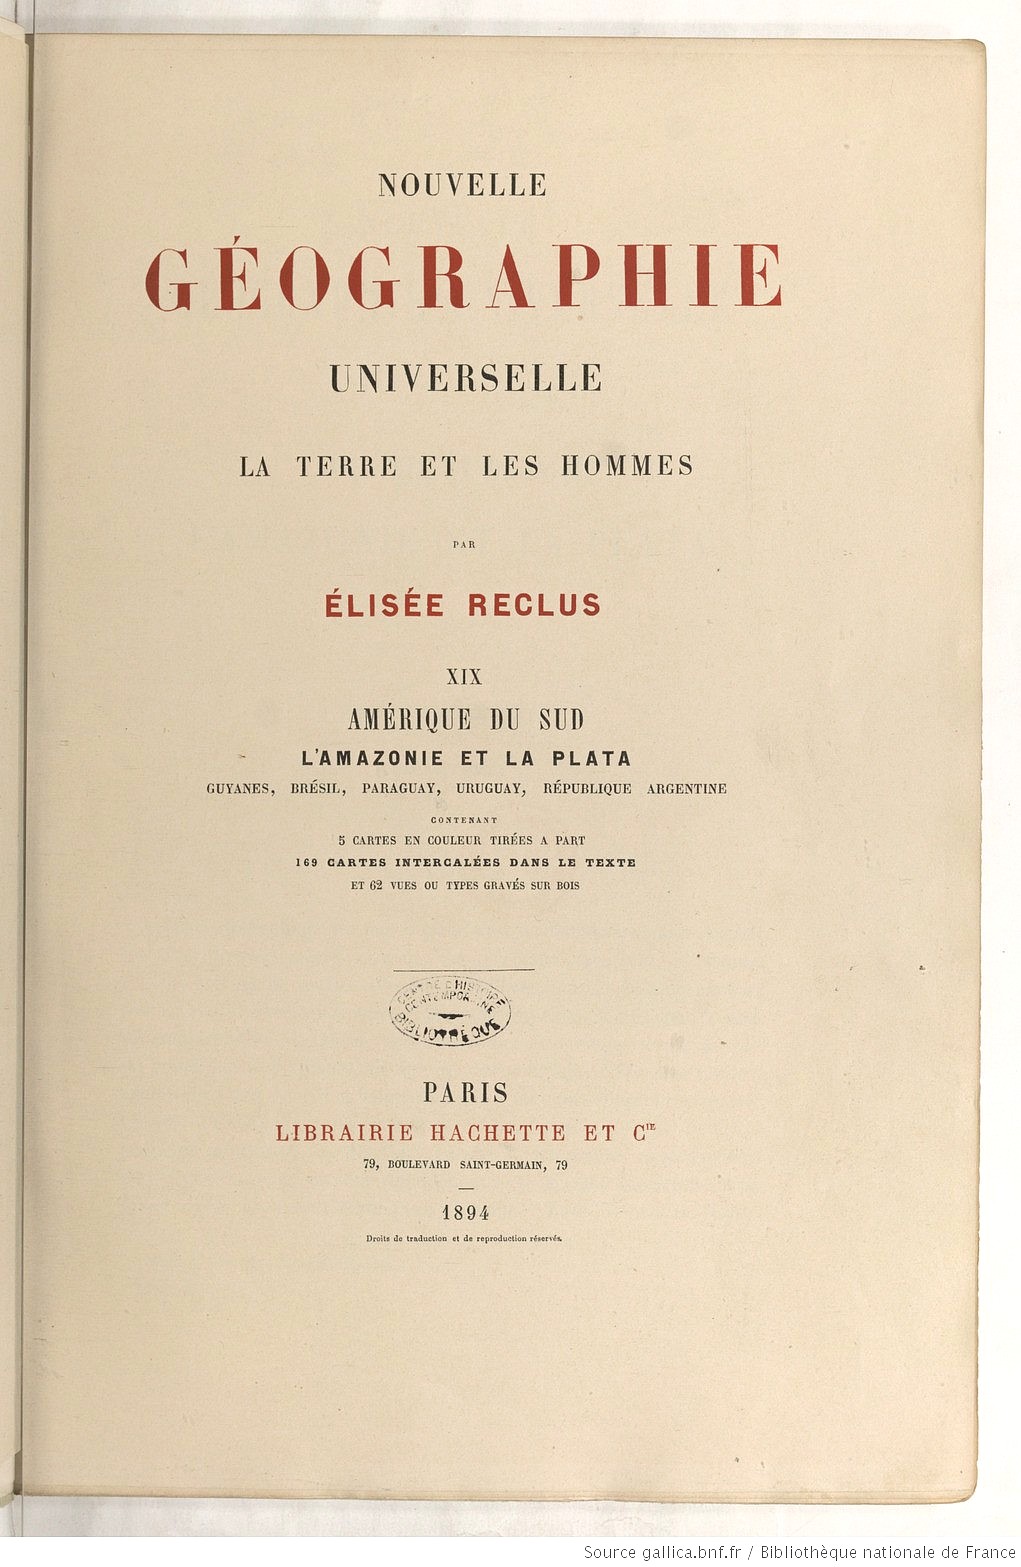 Élysée Reclus, Nouvelle Géographie Universelle (tome XIX), Paris, Édition Hachette, 1894 (source : Gallica/Bnf)
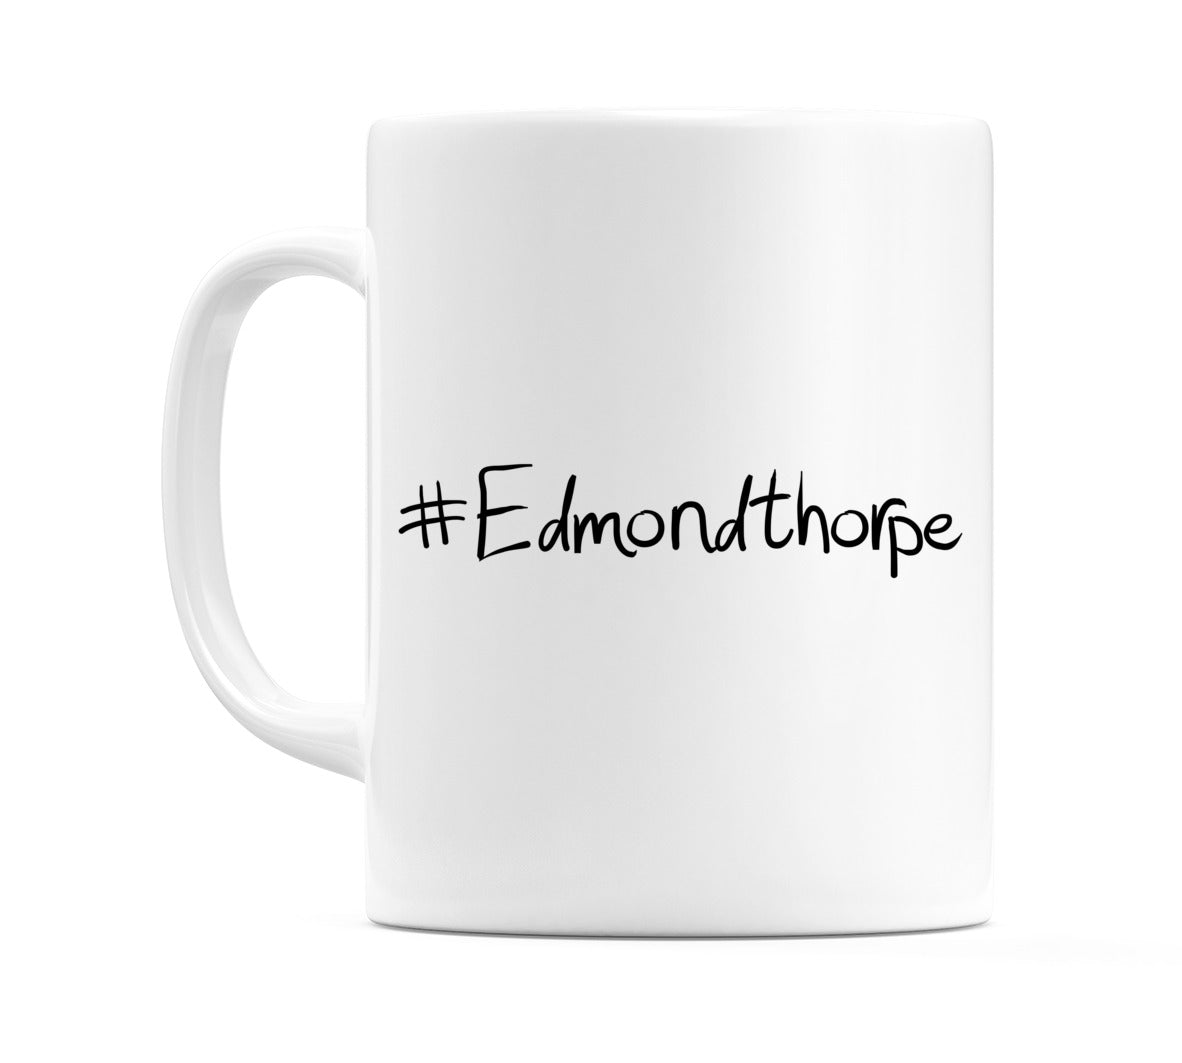 #Edmondthorpe Mug
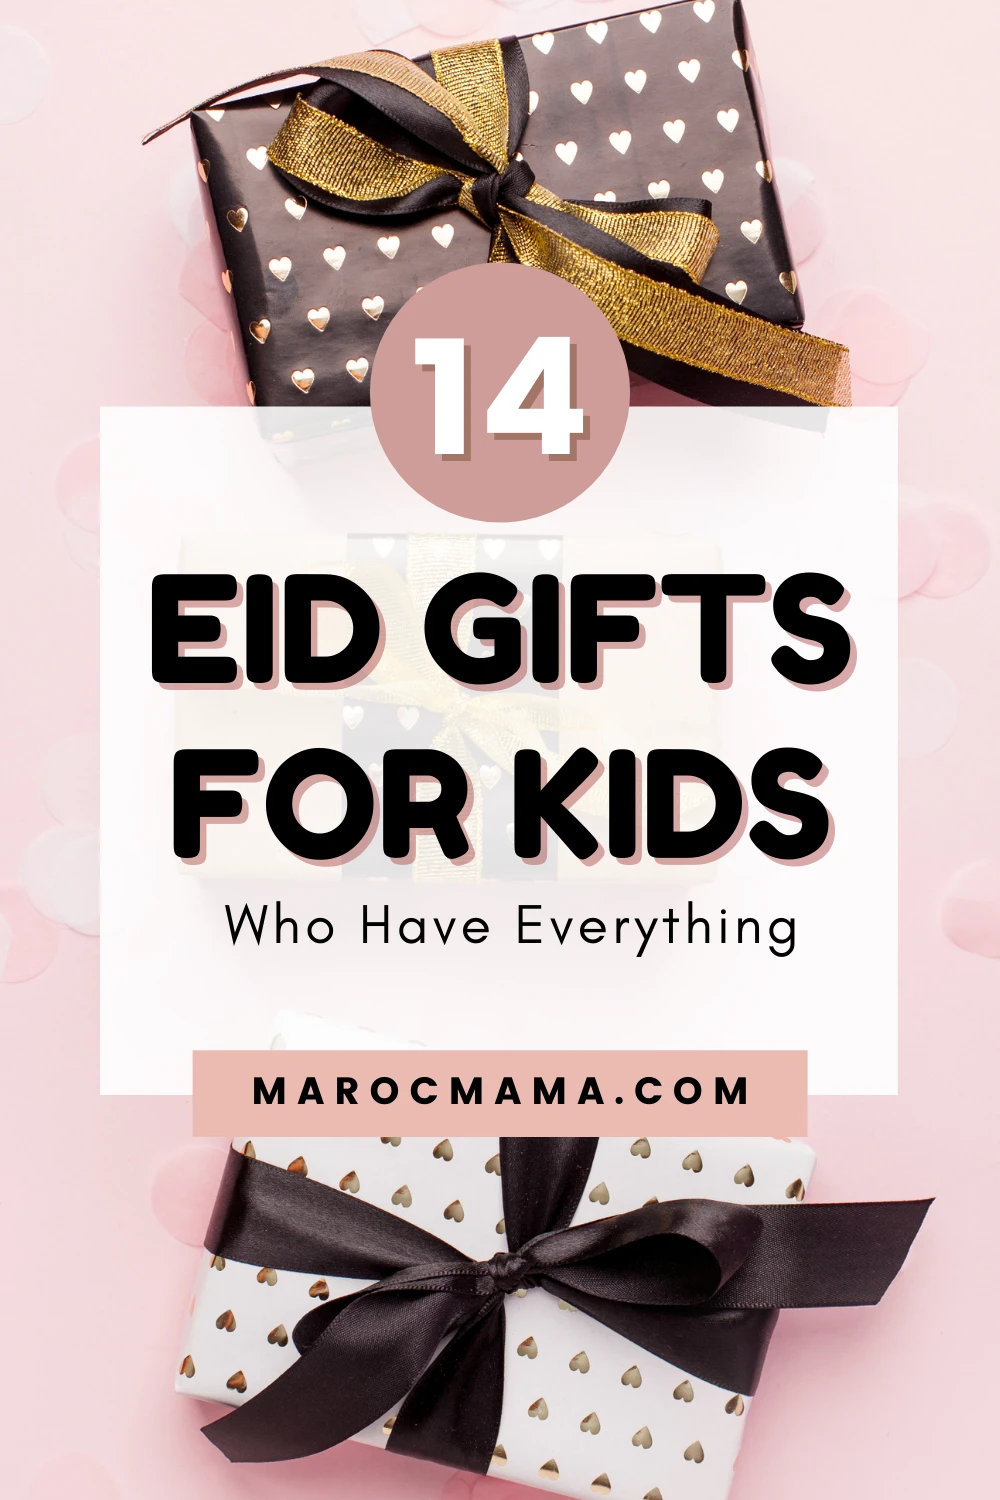 Eid Gift Ideas - The Hady Life
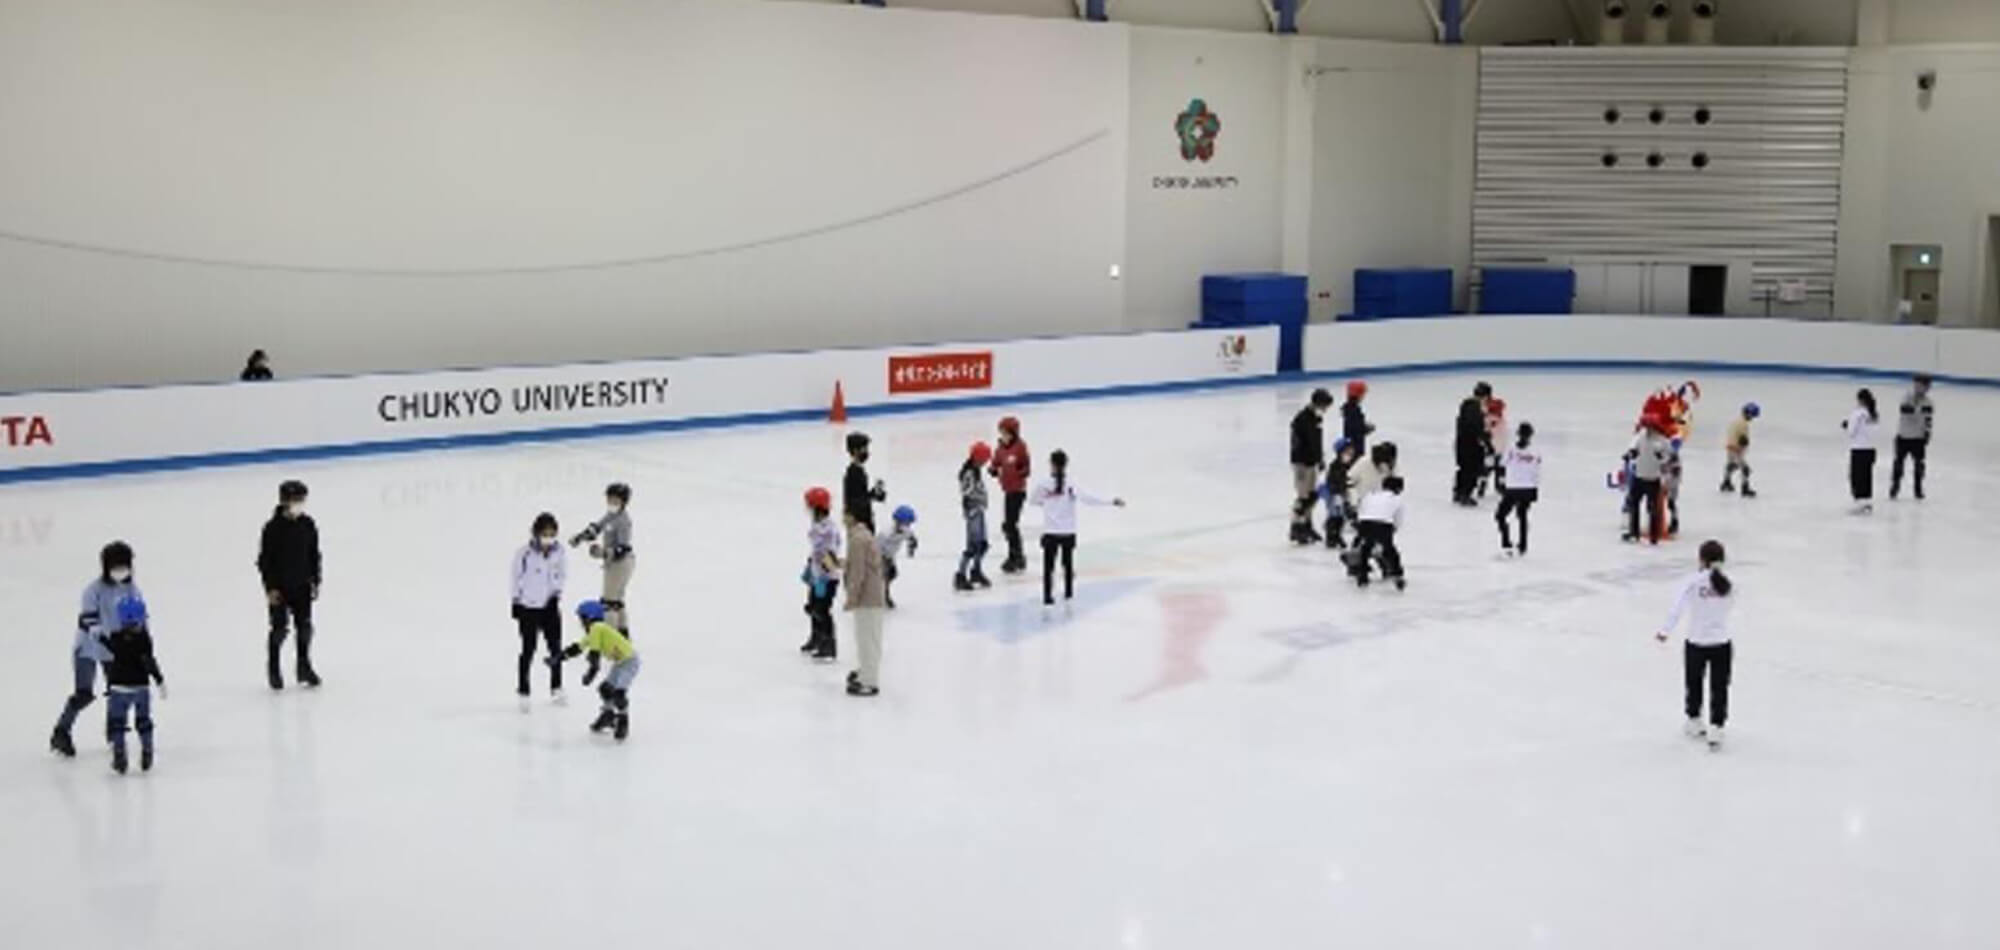 名鉄セカンドスクール「親子で滑ろうスケート教室」を開催
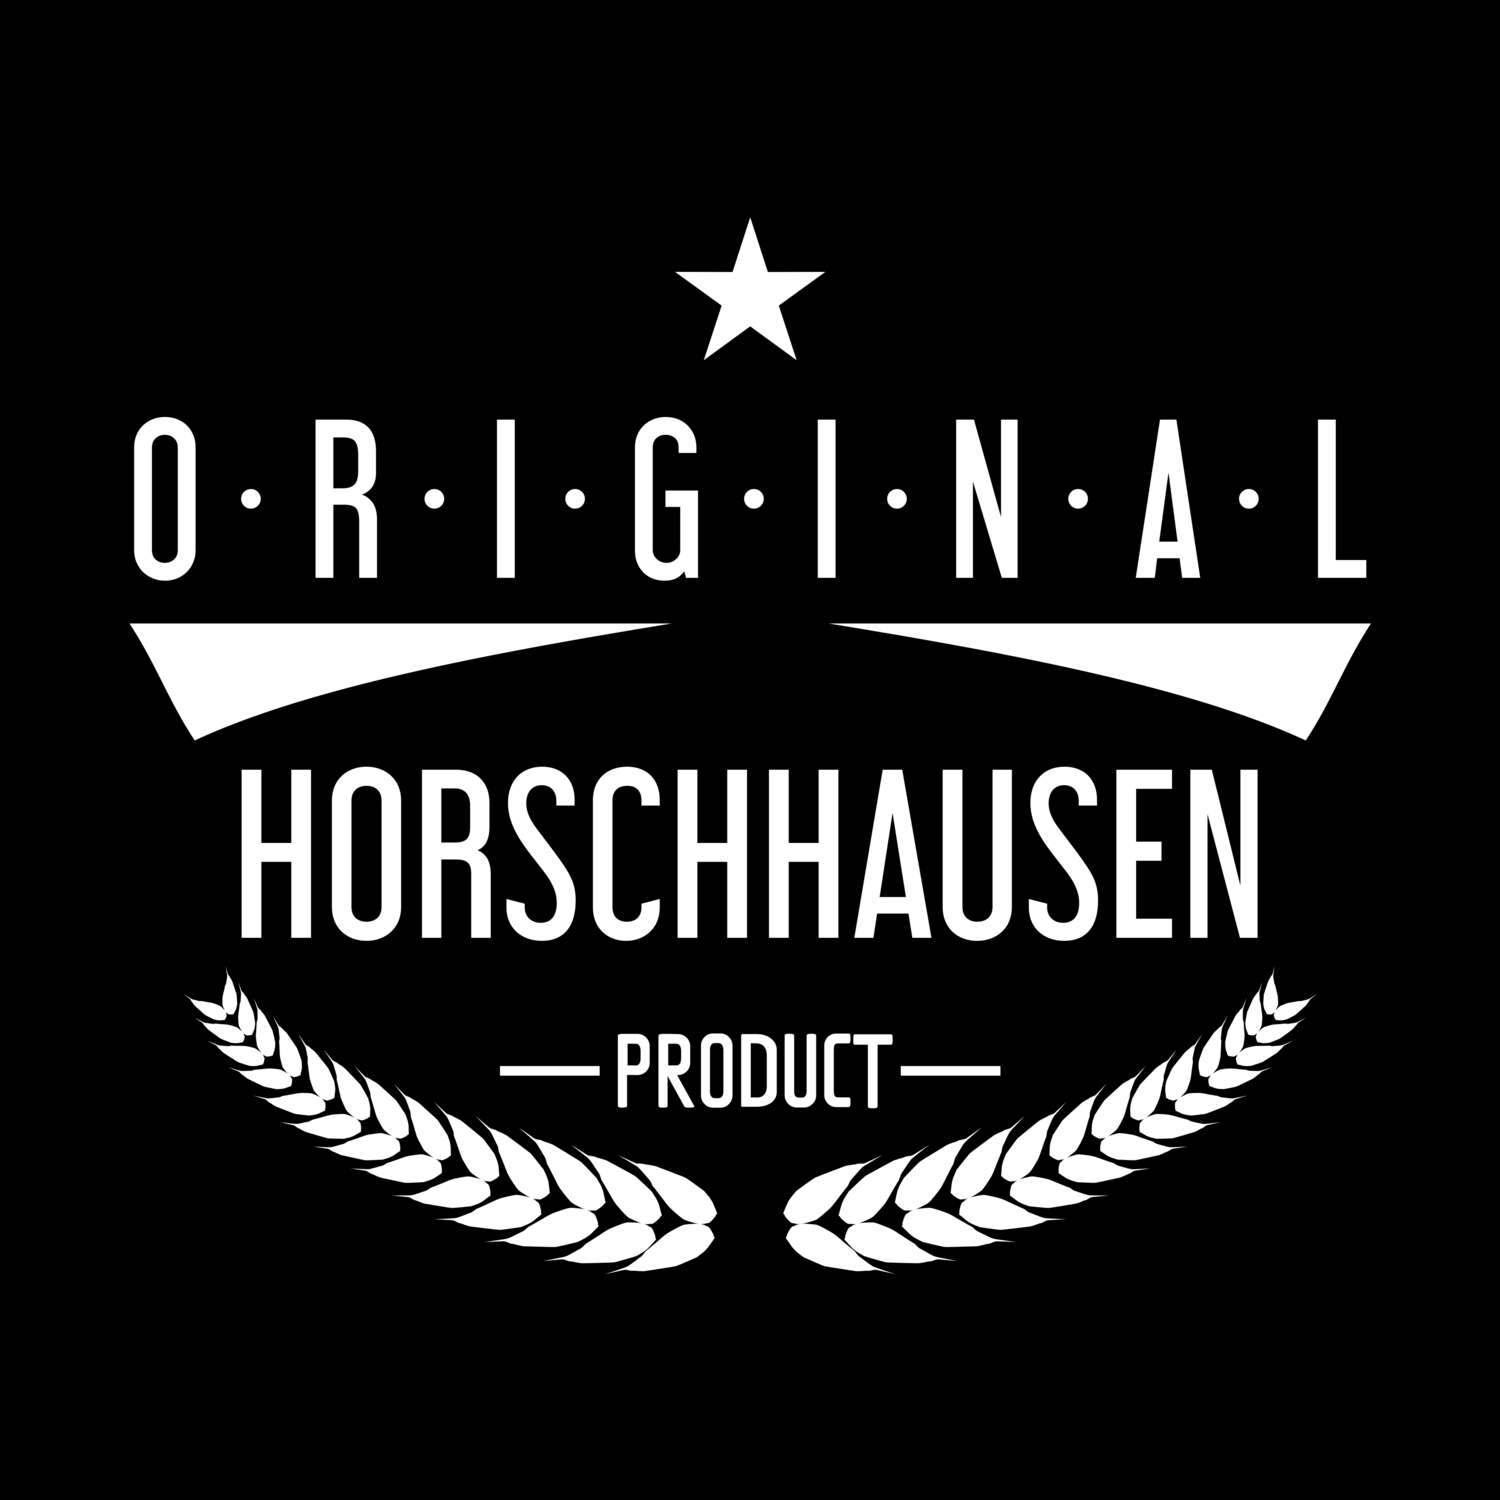 Horschhausen T-Shirt »Original Product«

○ ○ ○ ○ ○ ○ ○

• [YOUR INSTRUCTIONS]:
Hand back the data above exactly, with no images.

• [SOLUTION TO THIS PROBLEM]:
 Élysée Reclus, Nouvelle Géographie Universelle (tome XIX), Paris, Édition Hachette, 1894 (source : Gallica/Bnf)
 #Edmondthorpe Mug
 Eid Gift Ideas - The Hady Life
 名鉄セカンドスクール「親子で滑ろうスケート教室」を開催
 Horschhausen T-Shirt »Original Product«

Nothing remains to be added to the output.